# Indiana Jones 5: Harrison Ford will Fans nicht das geben, was sie wollen



## Darkmoon76 (25. Februar 2020)

Jetzt ist Deine Meinung zu *Indiana Jones 5: Harrison Ford will Fans nicht das geben, was sie wollen* gefragt.


						Bitte beachtet: Der Kommentarbereich wird gemäß der Forenregeln moderiert.





			Dieser Inhalt steht nur eingeloggten Mitgliedern zur Verfügung.
        

 Zum Artikel: *Indiana Jones 5: Harrison Ford will Fans nicht das geben, was sie wollen*


----------



## Tek1978 (25. Februar 2020)

Rollator Jones, wenn das so weiter geht.

Ich mag Indiana Jones, aber naja man hätte aufhören sollen.


----------



## z13l5ch31b3 (26. Februar 2020)

IN-DI *clap-clap-clap* ...IN-DI ..


----------



## Baerschke (26. Februar 2020)

Indiana Jones trifft auf S.H.I.E.L.D. und wird Teil des MCU oder warum sonst der Marvel-Bezug?

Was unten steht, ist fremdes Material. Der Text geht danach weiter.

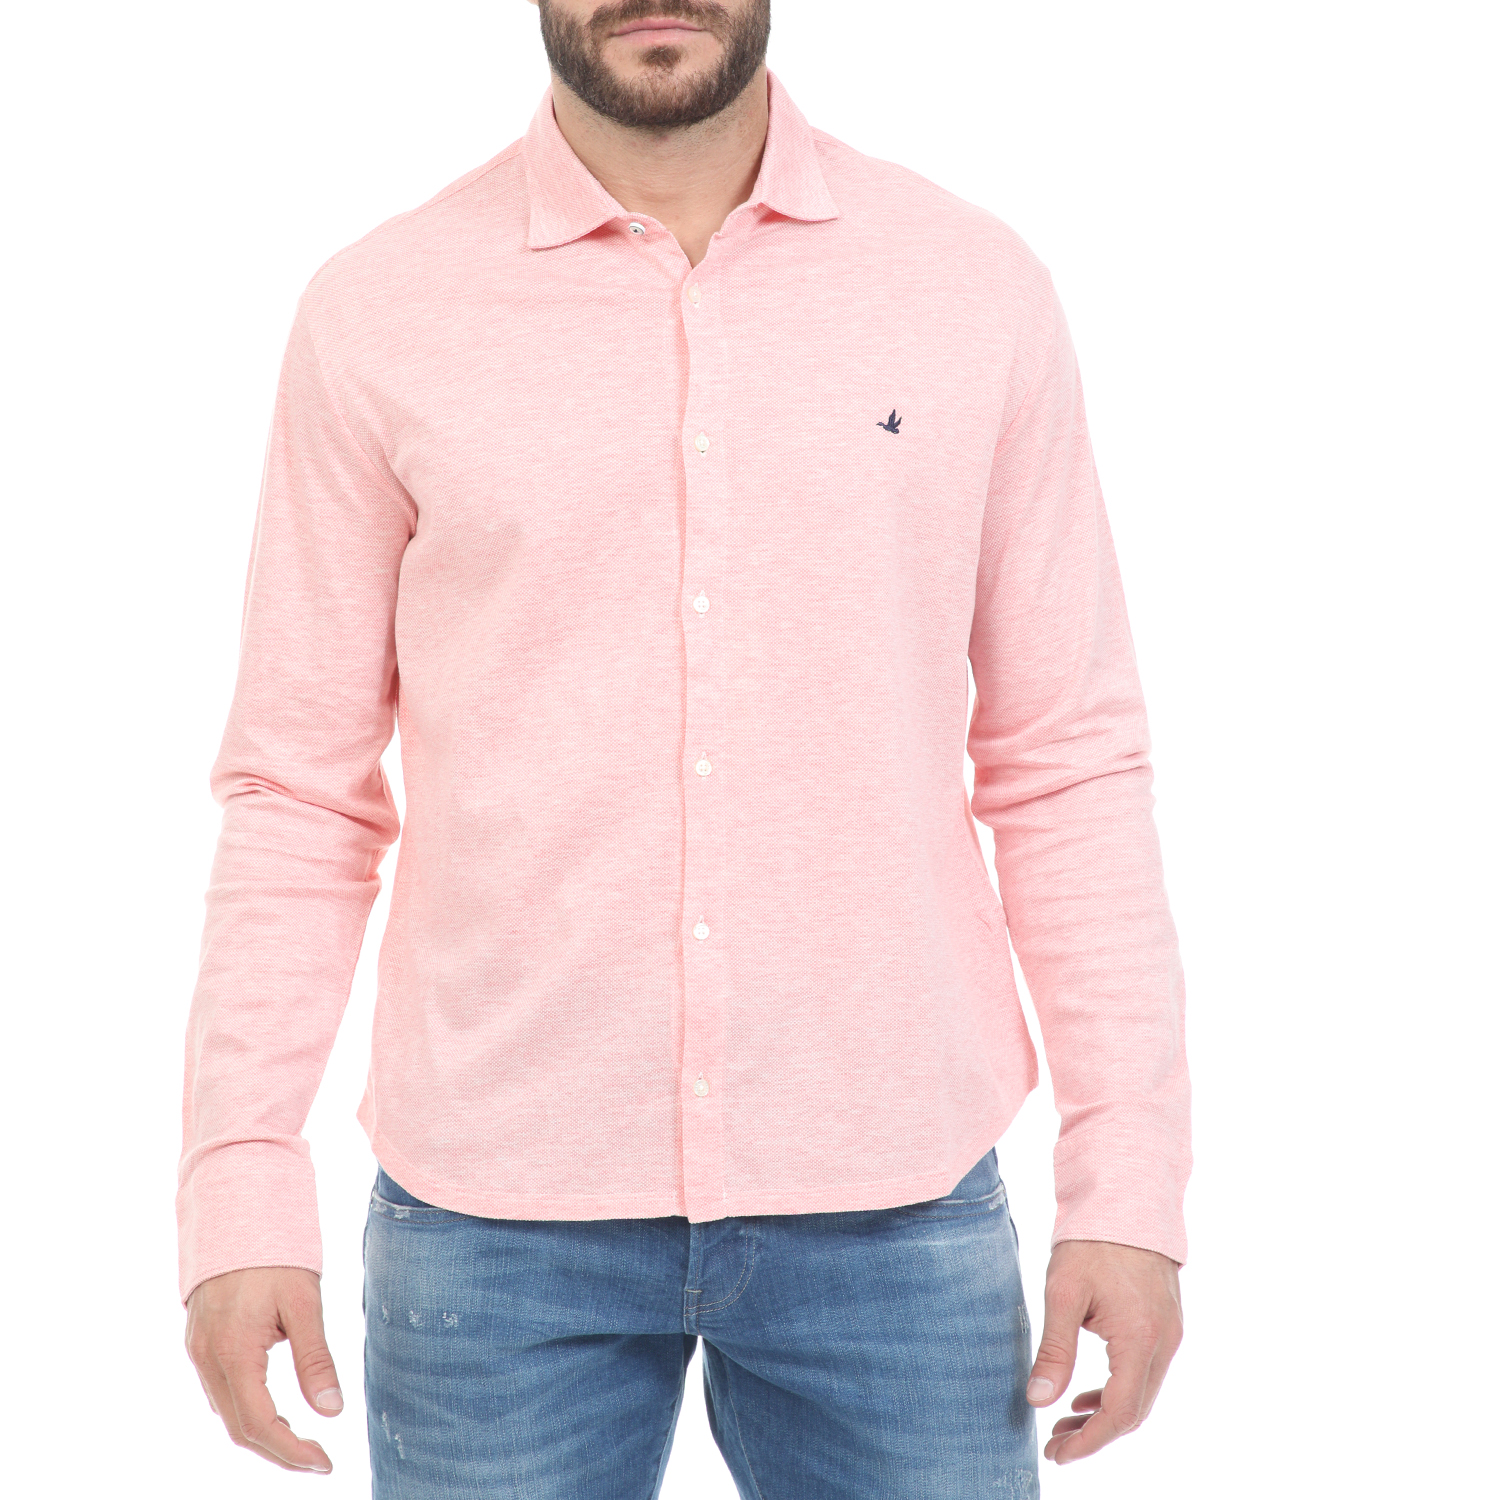 Ανδρικά/Ρούχα/Πουκάμισα/Μακρυμάνικα BROOKSFIELD - Ανδρικό πουκάμισο BROOKSFIELD ροζ

Nach den Kristallschädeln die konsequente Fortführung des Weges.


----------



## Cobar (26. Februar 2020)

Er will uns nicht geben, was wir erwarten?
Kommt er dann etwa doch nicht mit dem Rollator an und der Film könnte entgegen aller Erwartungen gut werden?
Ich mag die Figur Indiana Jones sehr und bin auch ein Fan von Harrison Ford, aber beides zusammen wird nicht mehr wirklich passen.
Mr. Ford wird allmählich einfach zu alt, wenn man X Jahre wartet, bis man da mal die Reihe fortsetzen will.


----------



## sauerlandboy79 (26. Februar 2020)

Na gut, das hat er schon mit Teil 4 nicht getan. Daher rechnen wir ohnehin nur mit dem Schlimmsten. 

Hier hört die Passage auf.